The process is simple and works on the basis that there is no forward looking ambiguity (i.e. the splitter does not need to look ahead to determine if the current token is ambiguous).

Adding Custom Node Types

To supply a custom set of node types to the expression parser take the following steps:

  1. Derive your node from either FunctionNode, OperatorNode or ValueNode as appropriate
  2. Decide on a literal representation for your node (for example a function name)
  3. Create a parser handler for your new node, you can see examples for the defaults in ParserProvider.cs and add it to the list of supported parsers
  4. Crete a ParserProvider from this list and pass it to ExpressionFactory.Parse(). Note: if you're using an IoC container you'll need to register your parser as an IParserProvider implementation.

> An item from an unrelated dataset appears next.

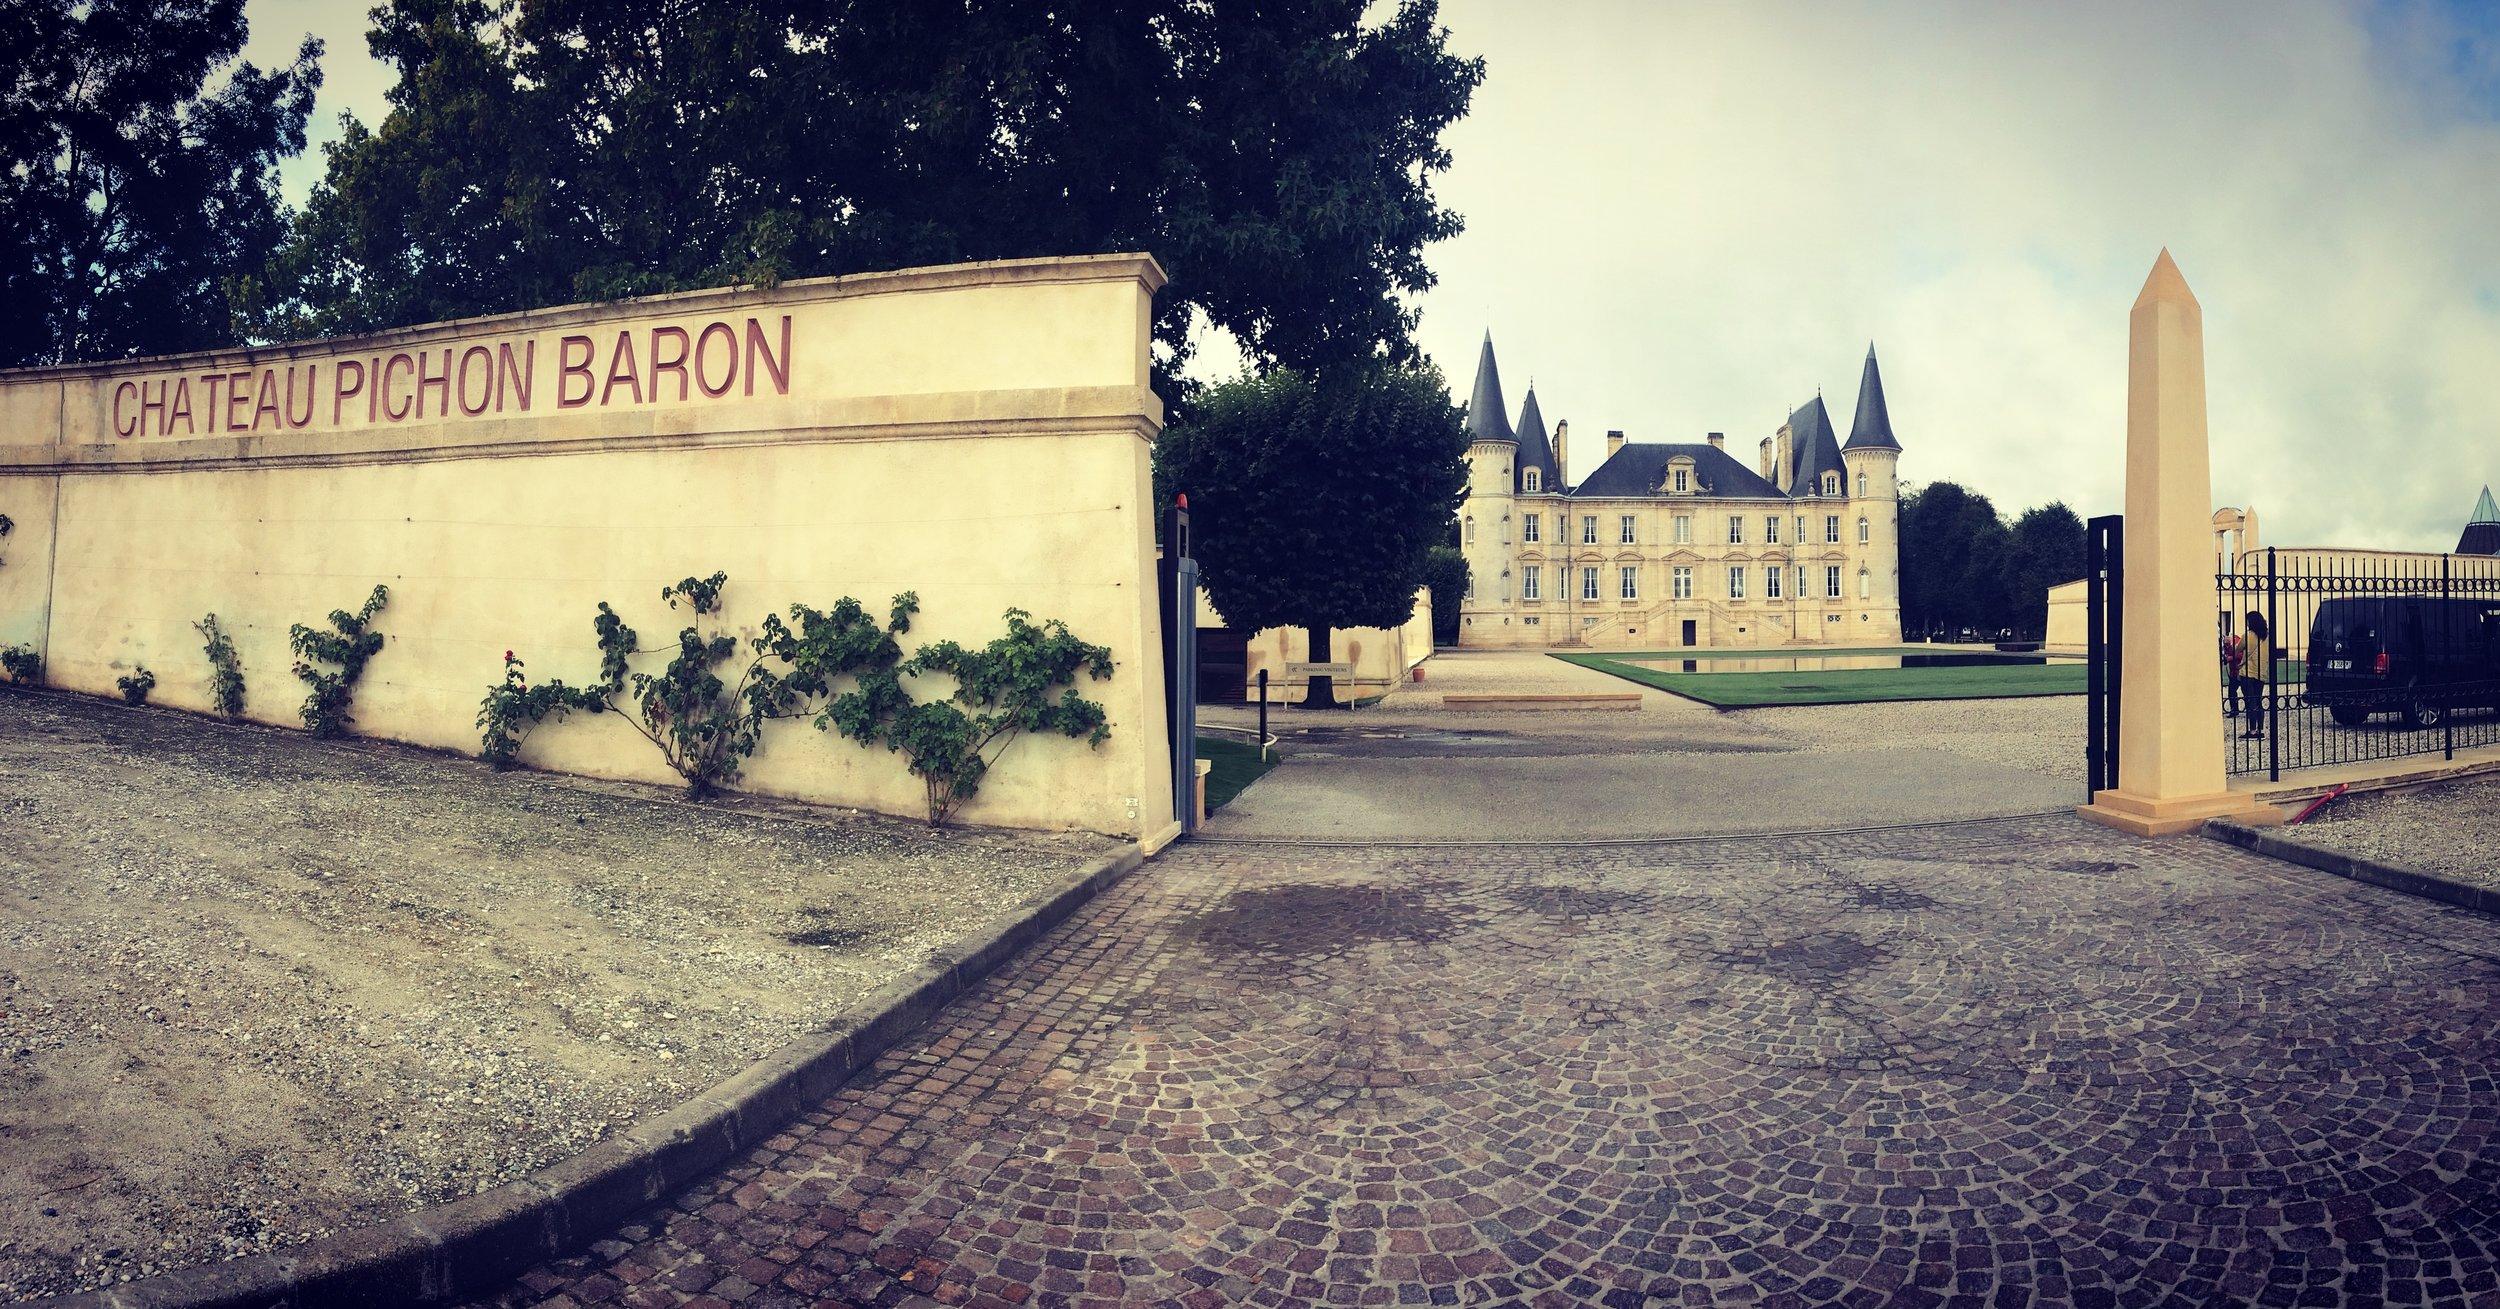 Chateau Pichon Baron in Pauillac, Medoc

A simple example is shown below for a random number function:

List<IParser> parsers = new List<IParser>(ParserProvider.DefaultParsers);
parsers.Add(new SimpleLiteralParser(RandomNode.Literal, token => new RandomNode()));
ExpressionNode root = ExpressFactory.Parse("5+random()", parsers);

Tests

Just a quick note about the tests - they're a mix of unit and integration developed in a vaguely TDD sense and in a manner that helped me to bootstrap up to something working as quickly as possible.